Вечером, когда улеглись спать, Матвей услышал плач. Он вошел в палату. Гущина плакала. Отец рассказал ей об операции, которая предстоит матери. Ай да папа! В минуту душевного горя, в слабости многие подсознательно перекладывают часть своего горя на других. Здесь «другими» оказалась собственная дочь.
— Таня, не плачь, пожалуйста, — Матвей присел к ней на кровать. Сквозь одеяло чувствовалось, как сильно дрожит ее тельце.
— Папа сказал, — слова еле пробирались сквозь слезы, — что на операции мамочка может умереть… А я этого не хочу. Я хочу, чтобы мамочка жила всегда-всегда…
Ком встал у Матвея в горле.
Таня еще хотела что-то сказать, но проглатывала слова. Матвей гладил ее спину сквозь одеяло, а девочки с надеждой смотрели на вожатого, точно и они ждали от Матвея помощи.
Матвею открылся смысл отцовской лжи. Он оболгал вожатых, боясь за то, что и с дочерью может что-то случиться во время материнской болезни. Каким-то, ему одному доступным неестественным чувством он испугался за дочь и решил, что вожатые и начальник будут уделять ей больше внимания, если он пожалуется на вожатых. На время страданий за мать отец хотел как бы освободить себя от страданий за маленькую дочь, которая всегда была необщительной. Но как все вышло нелепо, мерзко! Неужели нельзя поговорить по-человечески?

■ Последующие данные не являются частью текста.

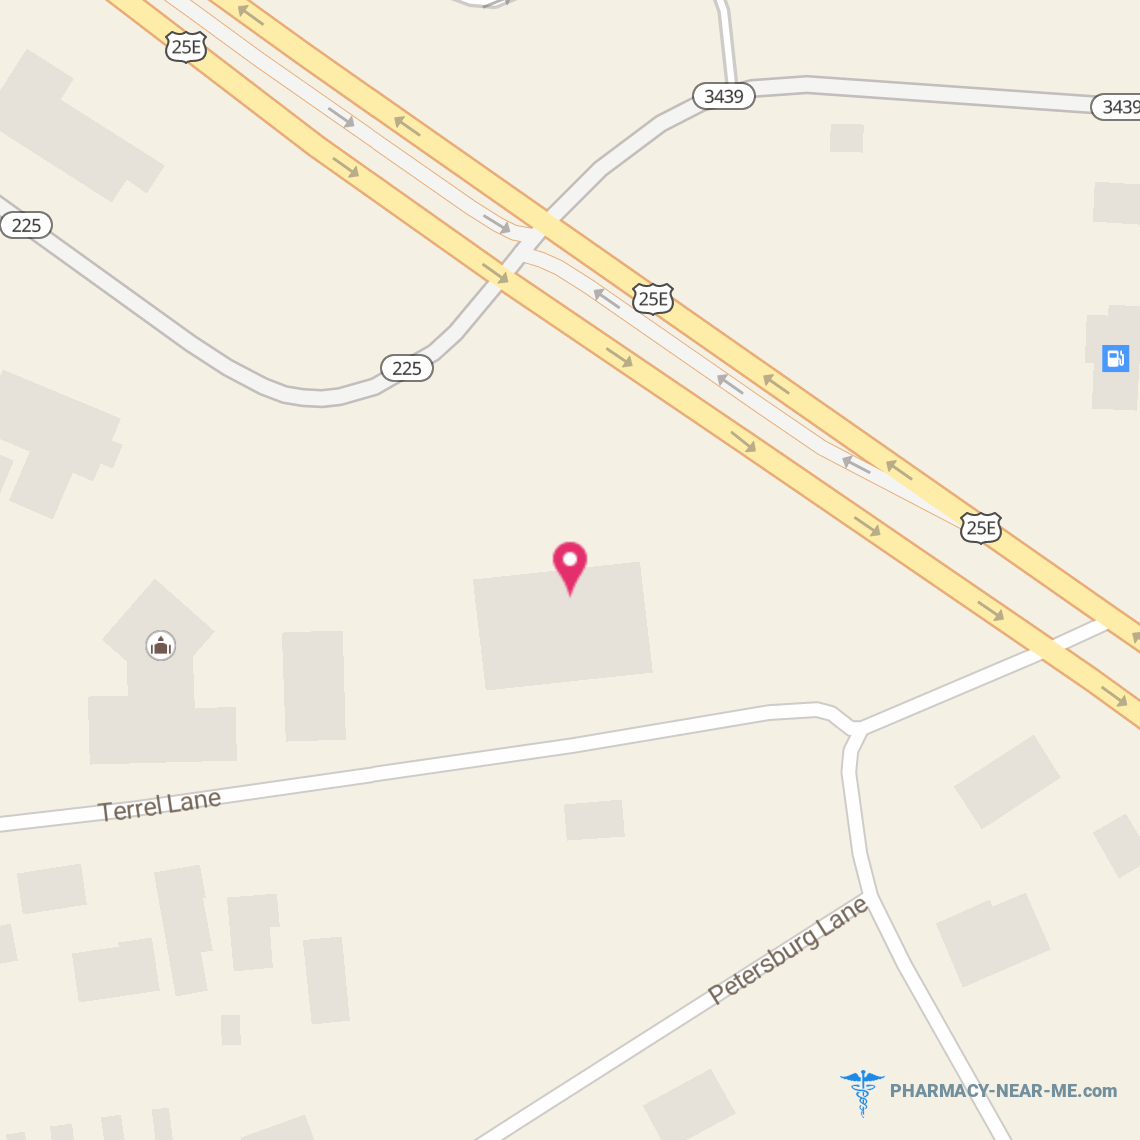 WALGREEN CO - Pharmacy Hours, Phone, Reviews & Information: 297 Terrel Lane, Barbourville, Kentucky 40906, United States

— Танечка, а у мамы где болело? — спросил Матвей, когда Таня немного успокоилась.
— Вот здесь, — девочка показала на сердце. Ее слезы текли медленнее.
— Ну и что? — успокоил Матвей. — У тебя аппендицит вырезали?
— Нет.
— А гланды?
— Вырезали.
— Ну и больно тебе было?
— Сначала больно чуть-чуть, а потом нет. — Она почти перестала плакать.
— А у твоей мамы операция такая же быстрая. Даже легче. Потому что ты после операции говорила с трудом, а мама твоя будет говорить после операции так же хорошо, как и раньше.
— Правда?
— Правда.
— А у меня тоже гланды вырезали, — вмешалась в их разговор Лена Агапова, лежавшая у окна. — Вот отсюда. — Она открыла горло, и все заглянули туда.
Таня перестала плакать. Матвей долго рассказывал сказки, и Танина палата заснула позже других.
Они с Ольгой встречались в одиннадцать.
Матвей выходил на пятнадцать минут раньше — мог задержаться в дороге, встретив кого-нибудь. Идти до места встречи от силы минут пять. Он шел быстро. Путь лежал мимо котельной. Уголь в нищем фонарном свете — фиолетовый. Он гремел под ногами. Потом нужно было обогнуть яму у сосны. Он шел тихо, вжимаясь в темноту, и все звуки были враждебны. Он обходил случайные острова света. Войдя в калитку, отделявшую лагерь, становился частью леса. Он шел параллельно забору. Светились окна общежития. Останавливался у одной из сосен, переводил дыхание. Каждый раз сердце билось так, словно боялось, что Ольга не придет.